Within the material below, transcribe exactly the lines from the one holding "Parola 'ECONOMIA' su" through the one holding "#Bdsm #3072x2018 #Sklave", keeping both ends and skipping the rest.
BEGIN Records for this exercise
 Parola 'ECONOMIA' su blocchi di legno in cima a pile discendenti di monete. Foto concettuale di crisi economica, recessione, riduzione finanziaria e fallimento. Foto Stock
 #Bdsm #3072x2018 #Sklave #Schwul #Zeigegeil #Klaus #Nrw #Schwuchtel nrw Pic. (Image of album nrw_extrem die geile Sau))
END Records for this exercise
BEGIN Records for this exercise
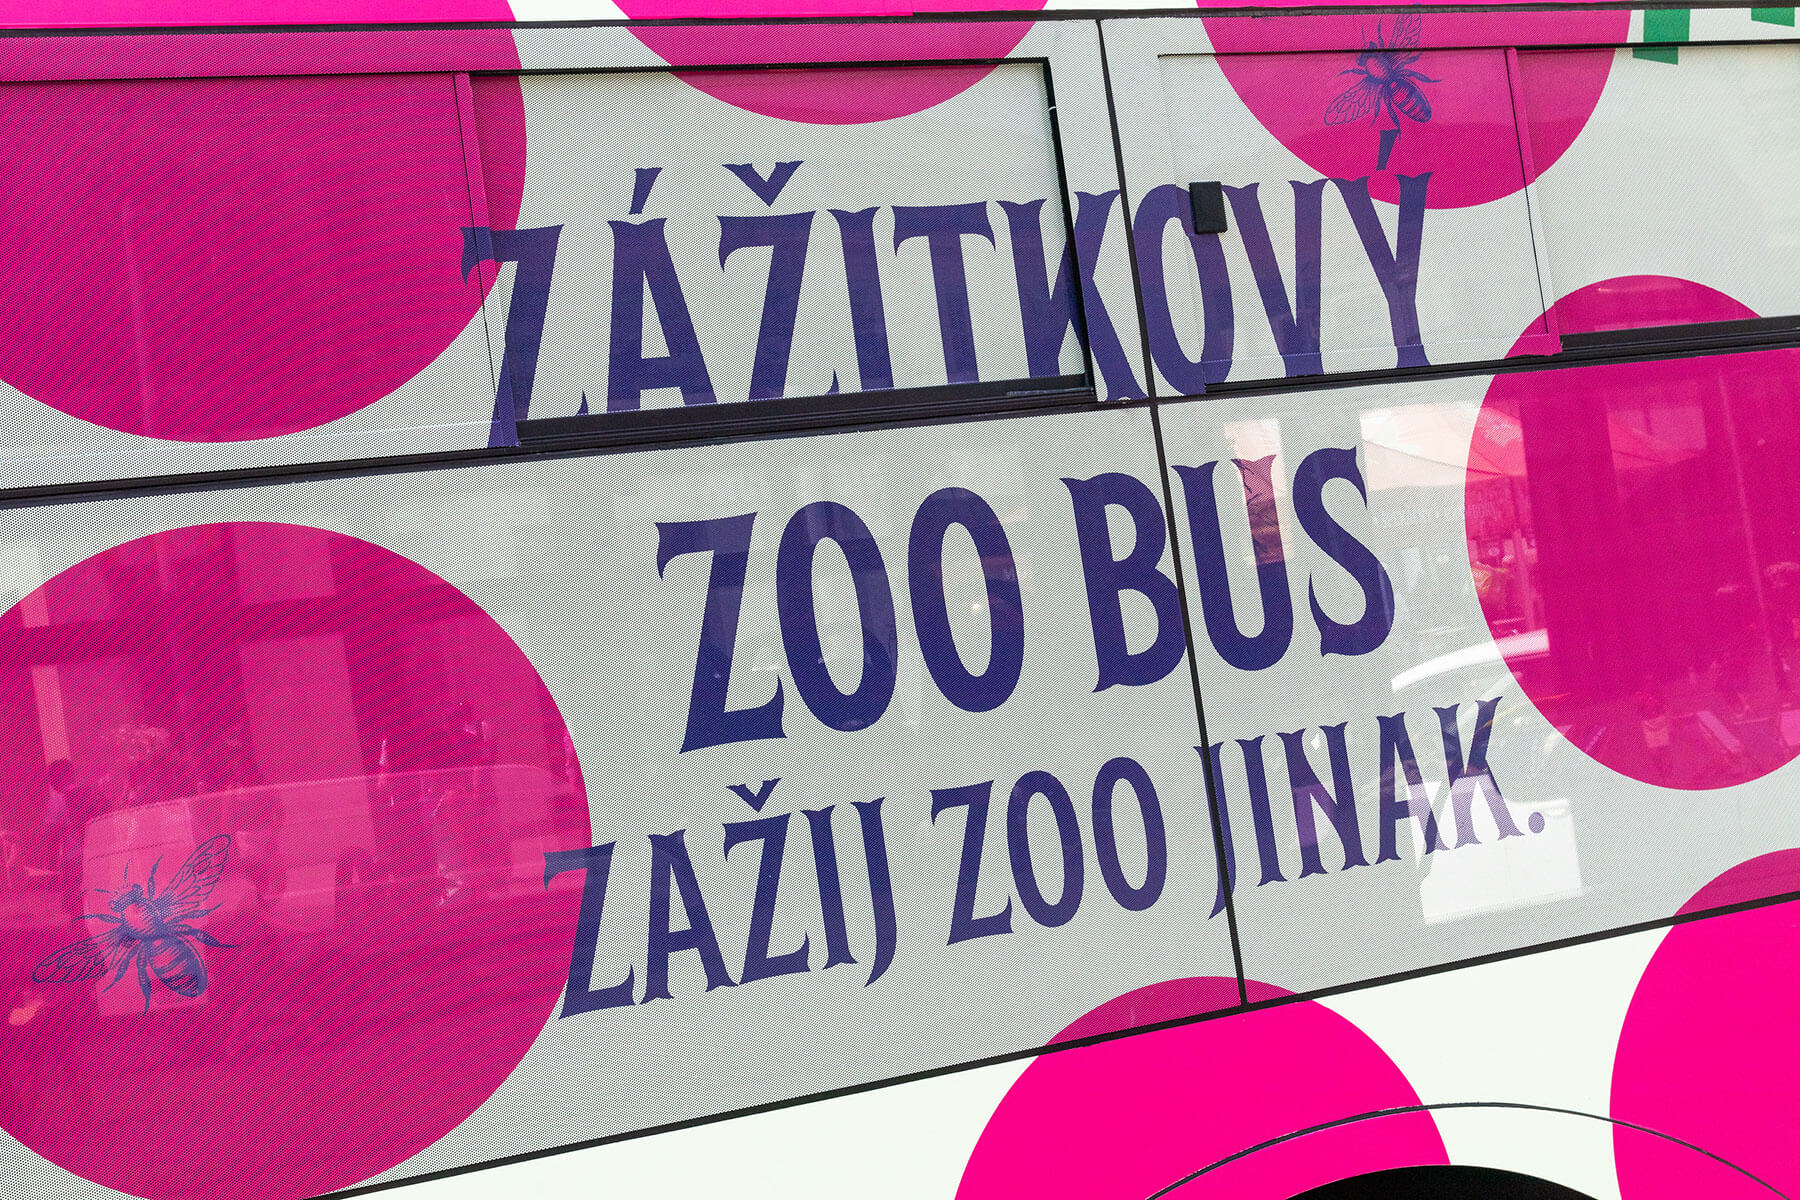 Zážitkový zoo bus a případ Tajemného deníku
END Records for this exercise
**Solved problem**
 Parola 'ECONOMIA' su blocchi di legno in cima a pile discendenti di monete. Foto concettuale di crisi economica, recessione, riduzione finanziaria e fallimento. Foto Stock
 #Bdsm #3072x2018 #Sklave #Schwul #Zeigegeil #Klaus #Nrw #Schwuchtel nrw Pic. (Image of album nrw_extrem die geile Sau))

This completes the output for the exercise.